Following the outbreak of the COVID-19 pandemic, financial sector authorities undertook a wide-ranging set of measures to preserve the stability and resilience of the banking system and bolster its capacity to support economic activity. Yet some of these measures may have reduced the transparency of bank balance sheets. To calculate the CDBP, we collect balance-sheet information for Q3 2020 and Q2 2021 for approximately 1,500 commercial banks headquartered in 59 countries, mainly EMDEs, using Fitch data. If balance-sheet information is not available for the third quarter of the year 2020, we use the latest balance sheet information available, although not older than 2019.
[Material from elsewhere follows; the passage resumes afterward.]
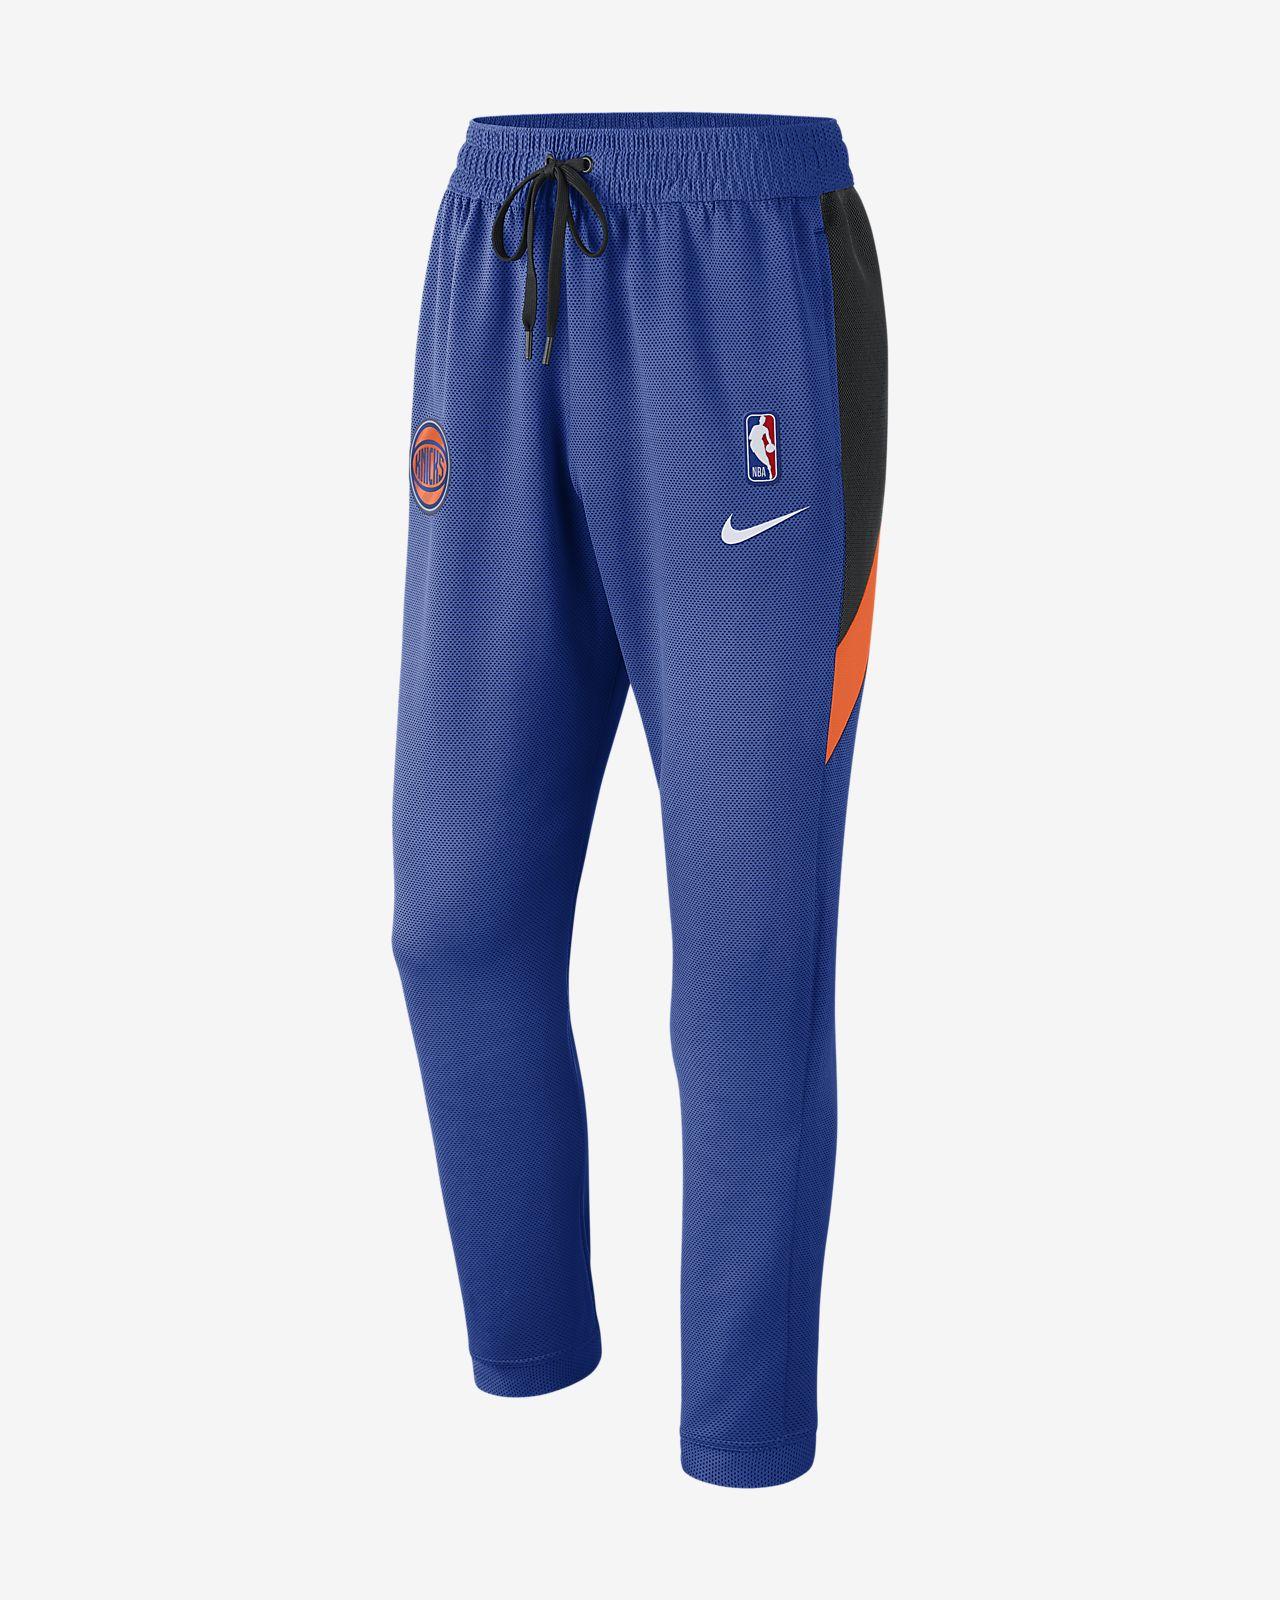 Pantalon NBA New York Knicks Nike Therma Flex Showtime pour Homme

Figure 2 summarizes the country distribution of the CDBP across World Bank regions. In line with recent assessments, the data suggest that EMDE banks are resilient in the short term to credit shocks, although there is wide variation across regions and countries (Figure 2).
Figure 2: Increase in NPLs that will wipe out capital buffers for at least 20% of total banking system assets (in percentage points)
Source: Feyen and Mare (2021).
Note: The figure reports the percentage point increase in the non-performing loan ratio at the country level (the Consolidated Distance from Break Point - CDBP) that wipes out capital buffers for banks at risk (Y axes). Higher values denote higher capacity to absorb NPLs increases.
Our simple CDBP metric could be used as a first step toward evaluating banking system resilience, especially in countries where limited information is available. Our analyses suggest that it could complement traditional country-level indicators of financial soundness and provide an indication of the overall stability of banking sectors. However, it is worth noticing that the CDBP has important limitations and should be interpreted as a rough approximation of systemic banking resilience to credit shocks. The CDBP should be used in conjunction with additional stress tests and complemented with supervisory information and data. The CDBP could also be used to flag the need for more in-depth supervisory risk reviews, including through on-site inspections or asset quality reviews.